I'm like many of you, will be age 62 in October and thinking more seriously of retiring from a company I've been with for 37 yrs. While in the same department almost all that time, the work has varied over the years to keep me interested.

But now the younger management crowd is changing what we do and how we do it to the point I just am rapidly losing that interest. As many people in management do, they don't want to listen to my suggestions based on having gone through all the same things they are dealing with in years past. The fact that there is no hope of any promotion and raises have been stingy is making me think long and hard of leaving in the next year or so. My wife works in a similar line of work but now in a different department and we work on projects together on occasion. She is pretty well fed up with a new boss, will be 62 next year and wants to retire next year. She has 43 yrs. with the company. The company has a retirement plan, we both put money in a 401k and have an outside annuity we can draw on in a few years. Of course there is Social Security, but not sure when to start that. The company also subsidizes some of our health insurance in retirement but that isn't offered to the newer employees now, one perk of being an old timer there. So I think we will be OK financially, not well off but OK. I'm thinking I might try to find something part time too but my feet and ankles are giving out to the point I can't do something that takes walking or standing for long. Definitely not in the same line of business however, unless it's an offer I can't refuse.

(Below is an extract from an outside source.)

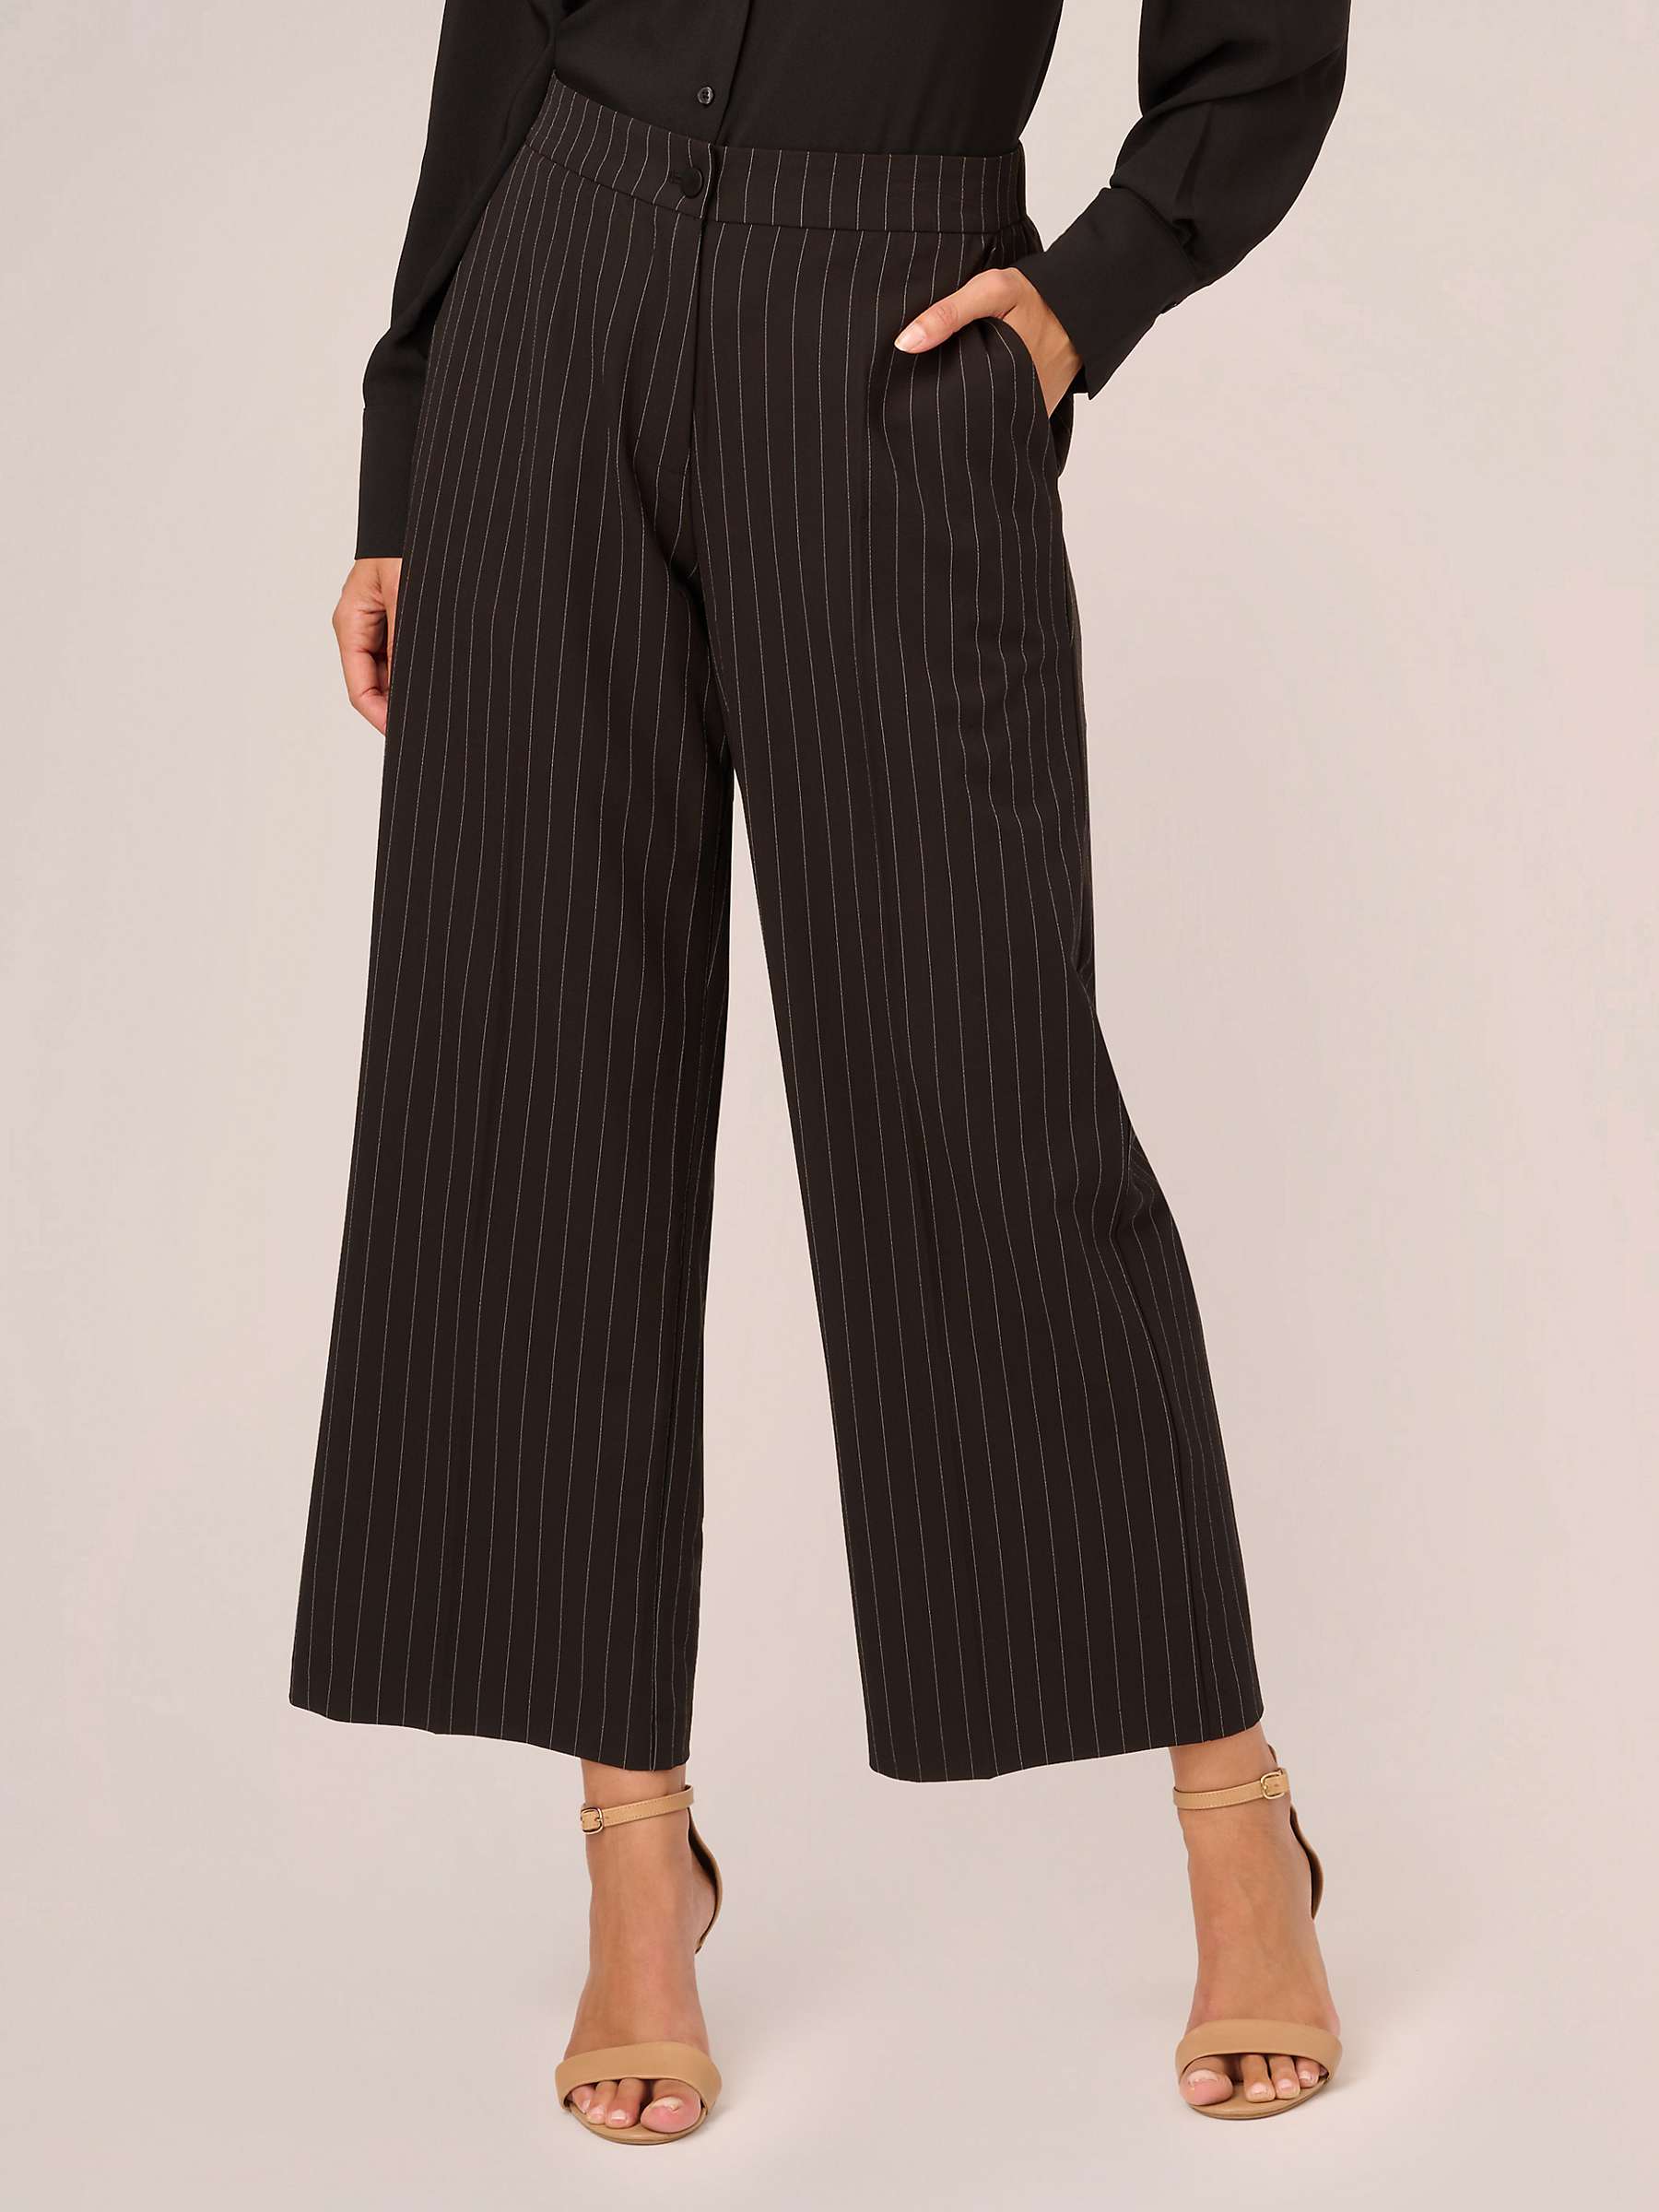 Buy Adrianna Papell Pin Stripe Cropped Wide Leg Trousers, Black Online at johnlewis.com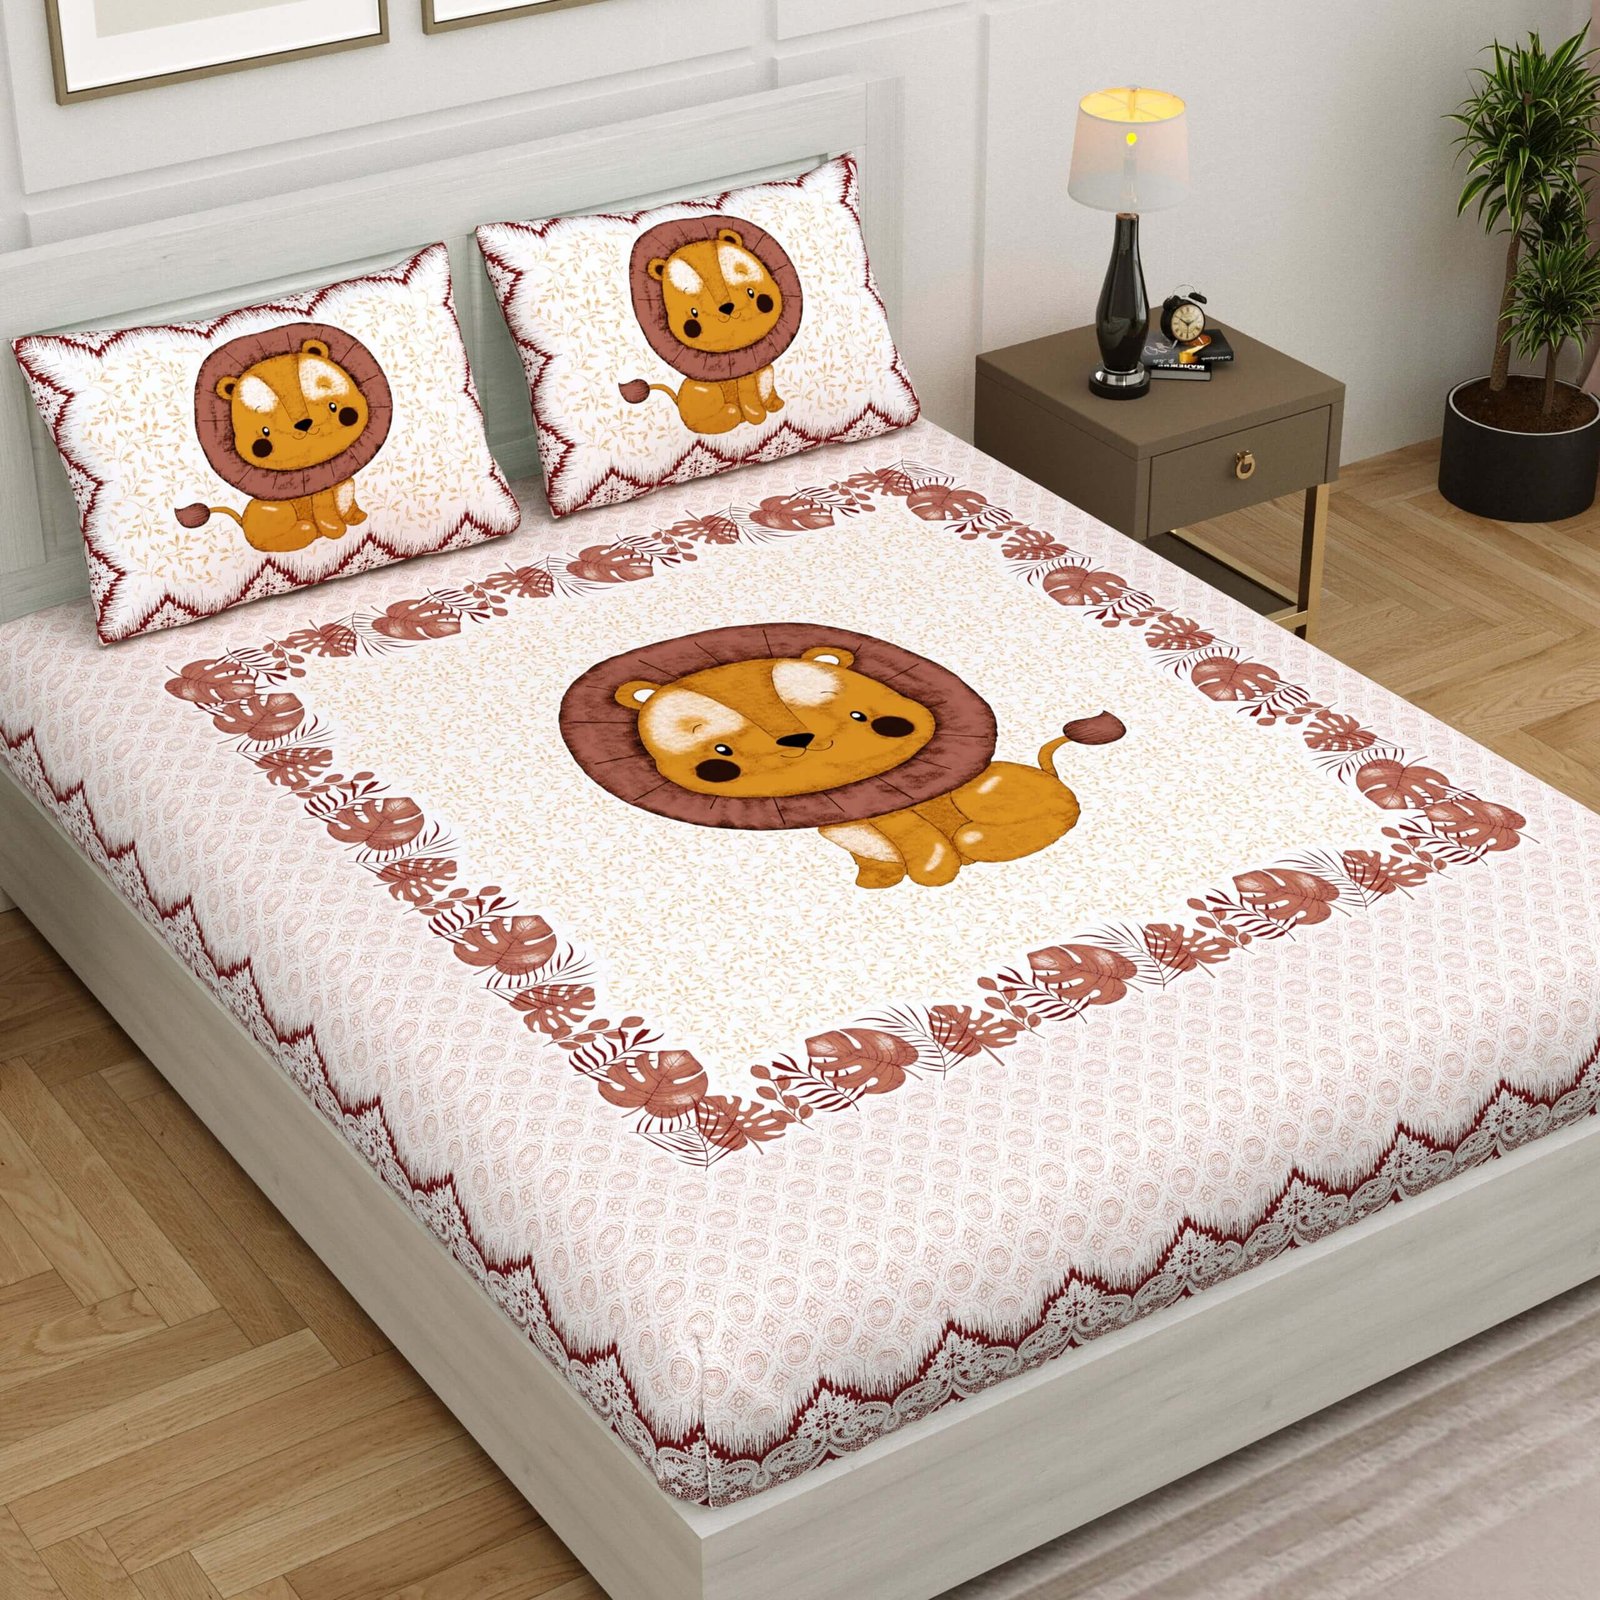 Buy 100 % Pure Cotton Bedsheets For Kids

At home we have our llamas we raise and show, she likes dealing with the fiber part of it but is also a workhorse in cleaning the barn, feeding, grooming and showing. I have a couple of old Ford Ns I play with and like working on old garden tractors, mostly so I have something to mow with. I've been doing all the auto and truck maintenance and repair now too and mostly enjoy that. I've told people that I have so many projects around the farm that I could stay busy in retirement until I can't move anymore. I often get discouraged however by all the things that need to be done. We bought this old farm about 15 yrs. ago and the buildings are deteriorating and we haven't had the time or money to work on them properly, just patching them together for now.

Lots of decisions to make and some of them can't be undone once made, so that is stressful. Good luck to all!
 
I am 83, I get up at 6:00 am. I keep at least 3 projects going at all times. Pouring concrete, welding, yard work, gardening. My objective is to die with my boots on. I expect, if I quit, I die.